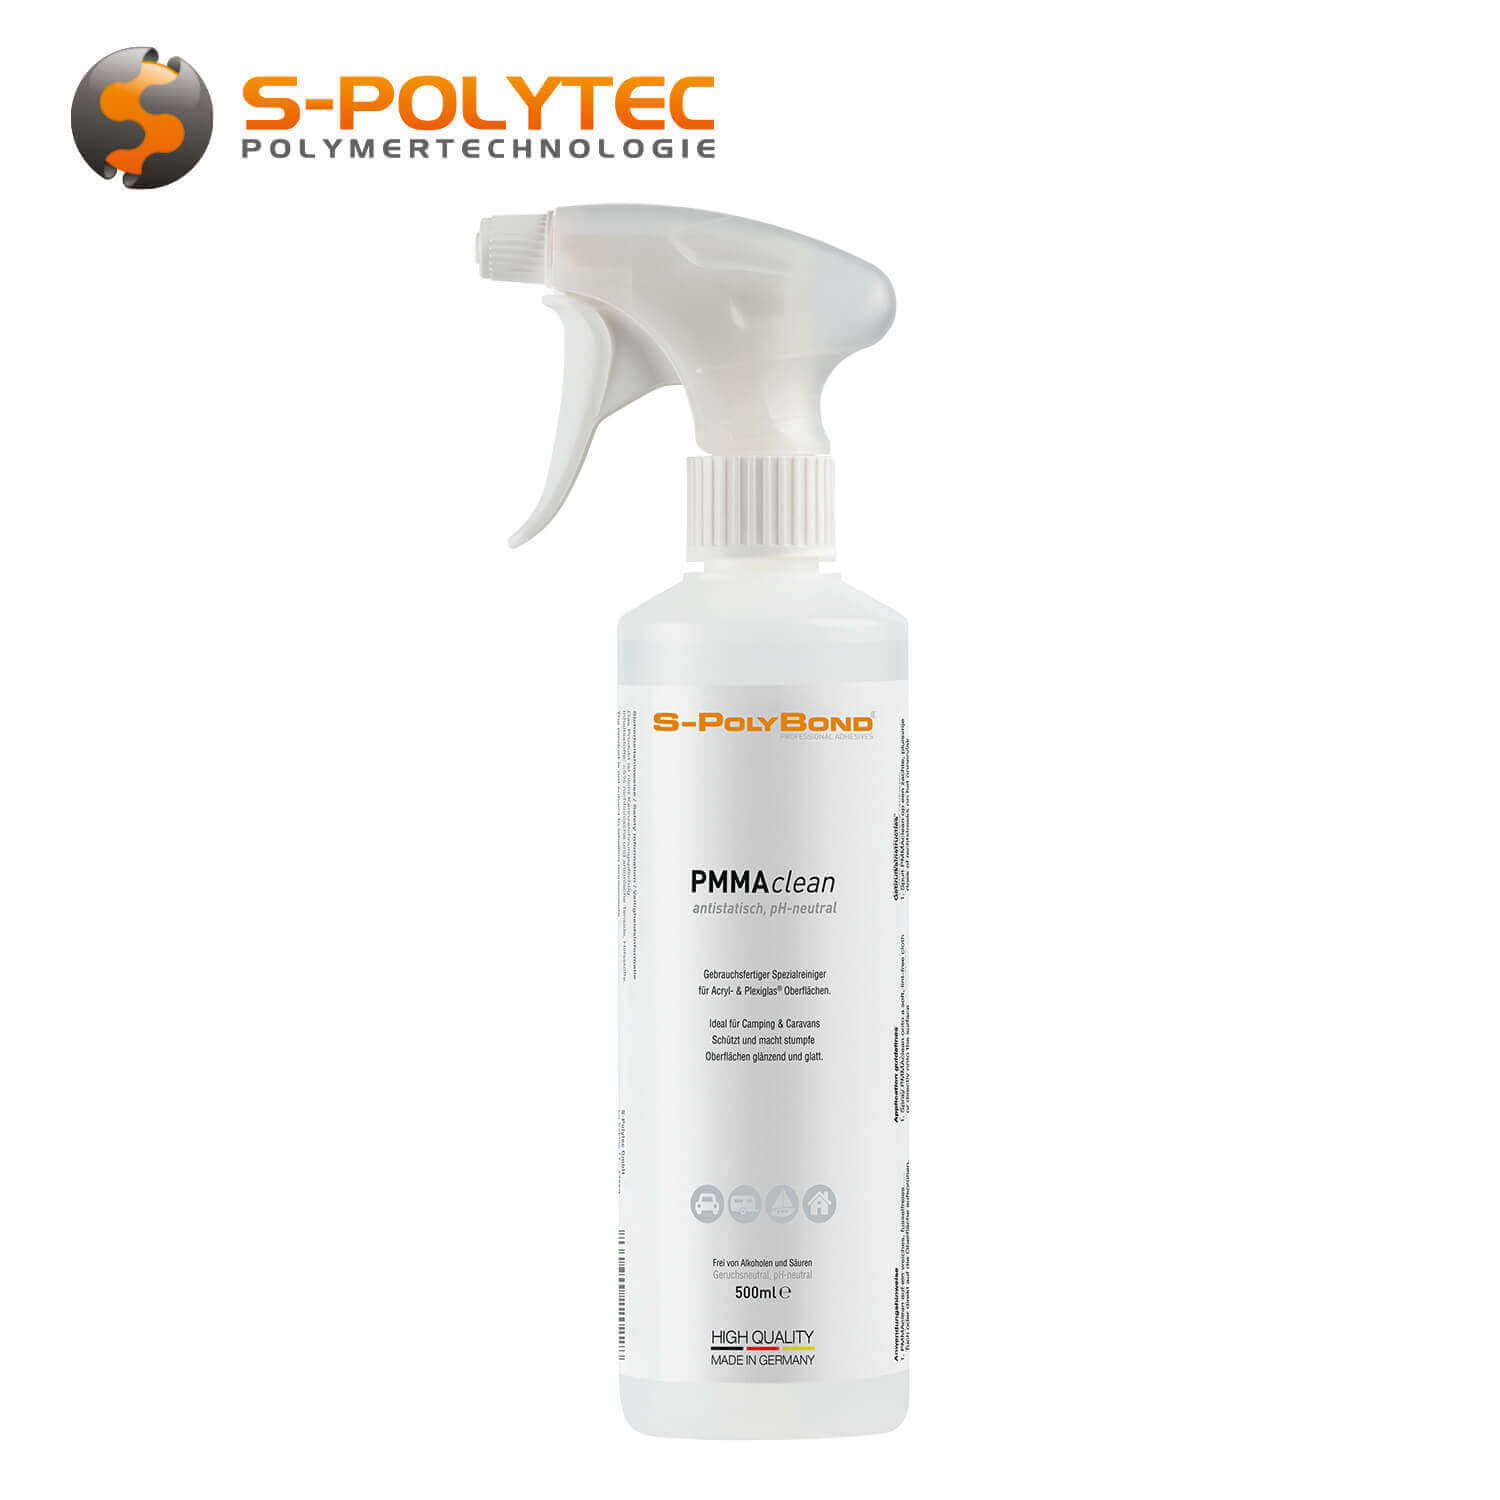 S-Polybond PMMAclean - speciale reiniger voor acryl en plexiglas® in de herbruikbare 500ml sprayflacon
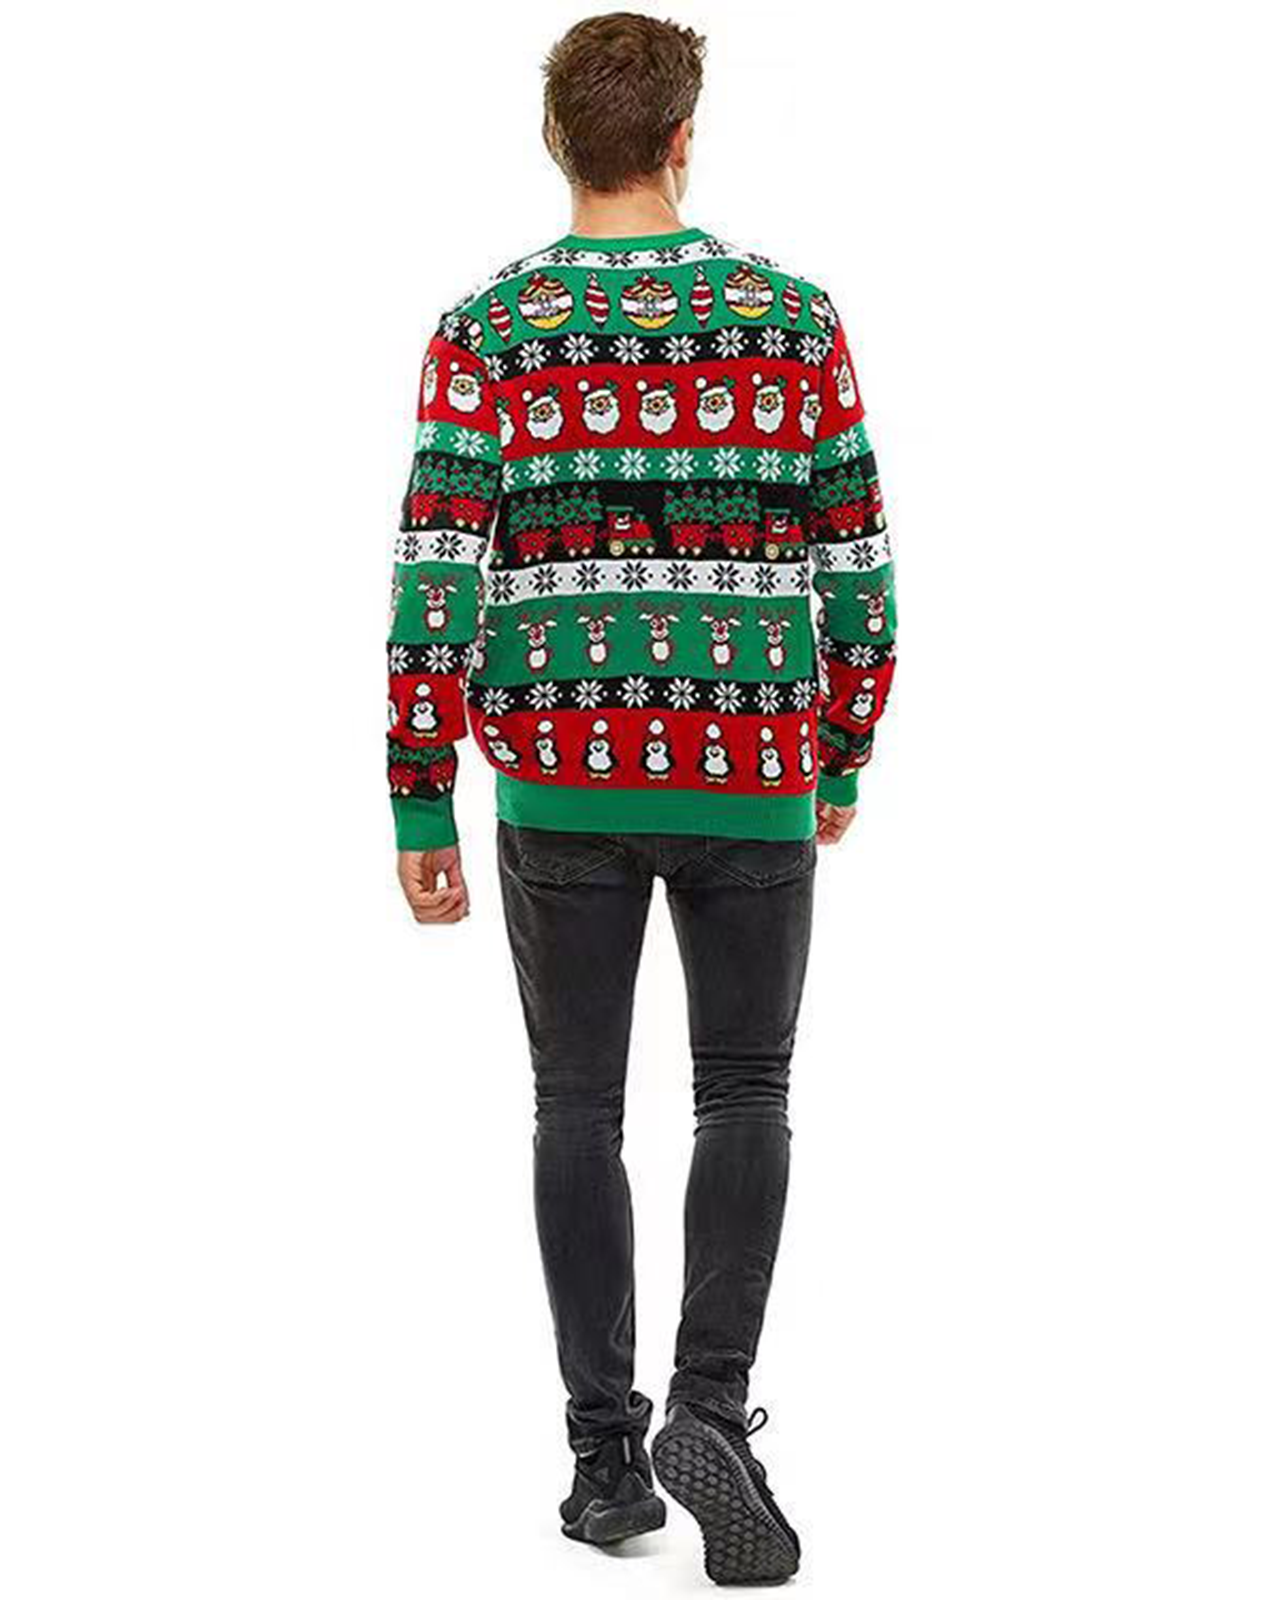 Deluxe Festive Fun Christmas Sweater
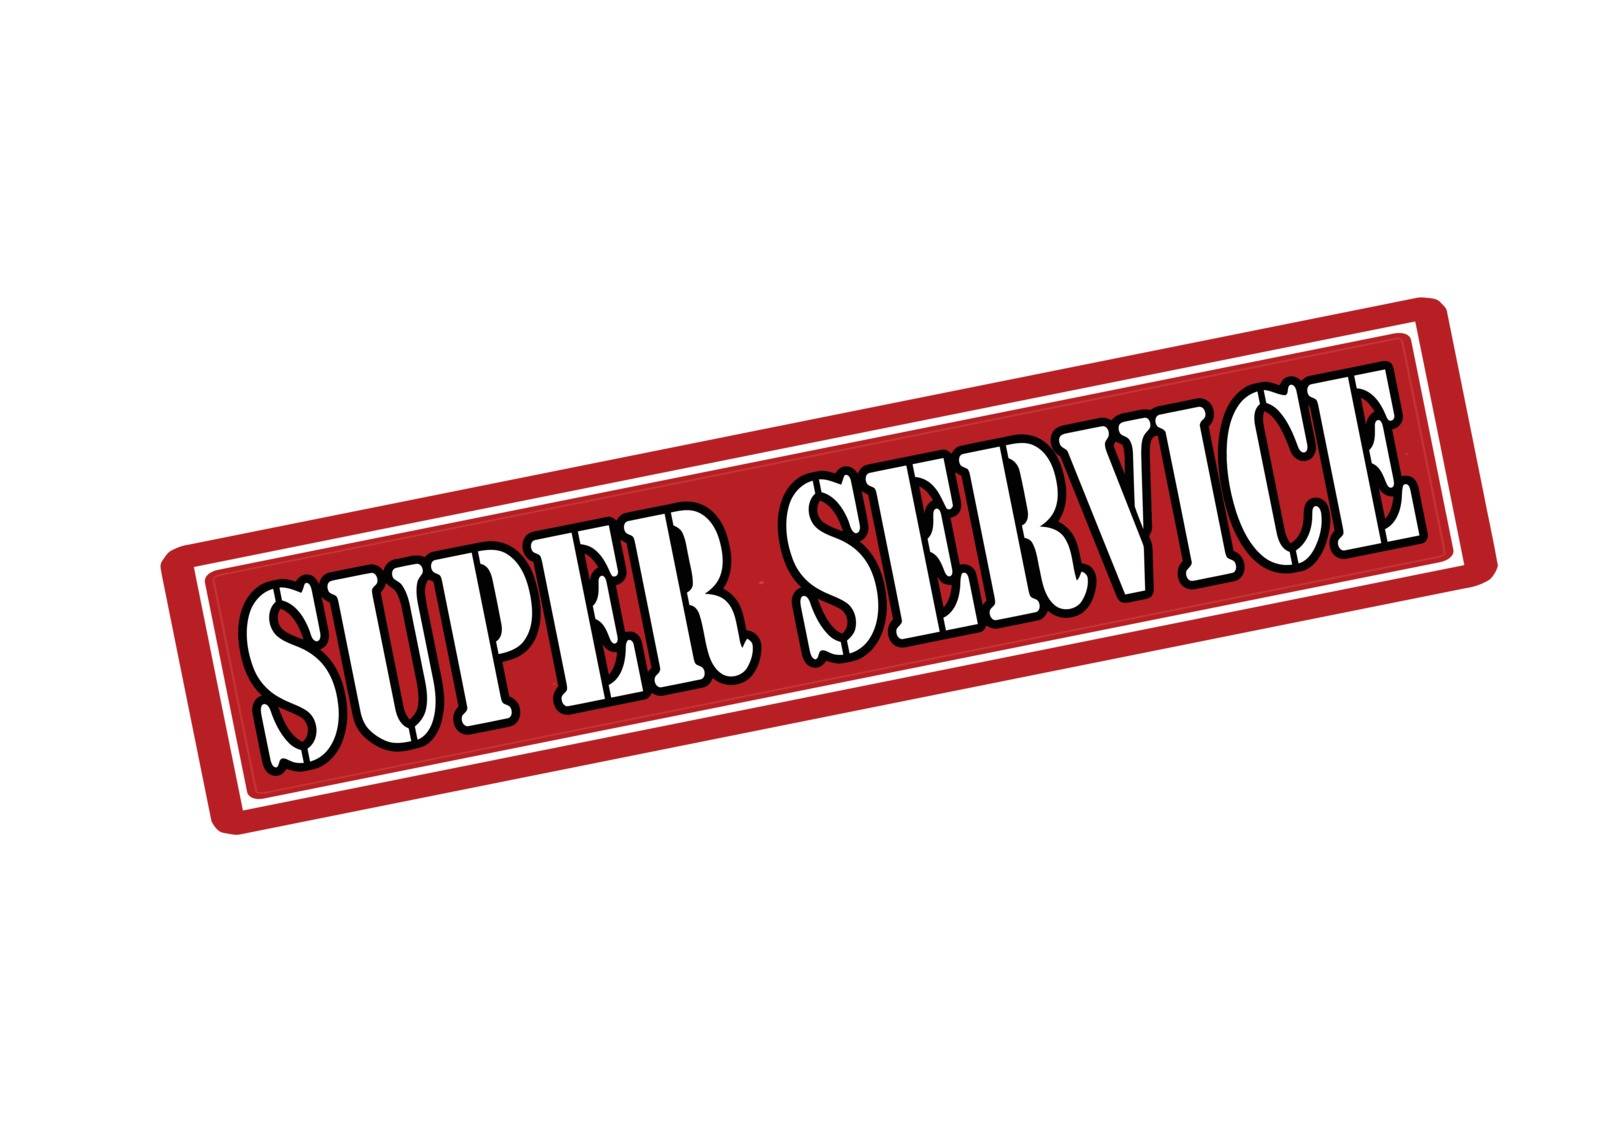 Super service by carmenbobo

■ Activity: Copy out the material above in full and exactly; its pictures are not to appear.

■ Your response:
 S-Polybond PMMAclean - speciale reiniger voor acryl en plexiglas® in de herbruikbare 500ml sprayflacon
 Deluxe Festive Fun Christmas Sweater
 Super service by carmenbobo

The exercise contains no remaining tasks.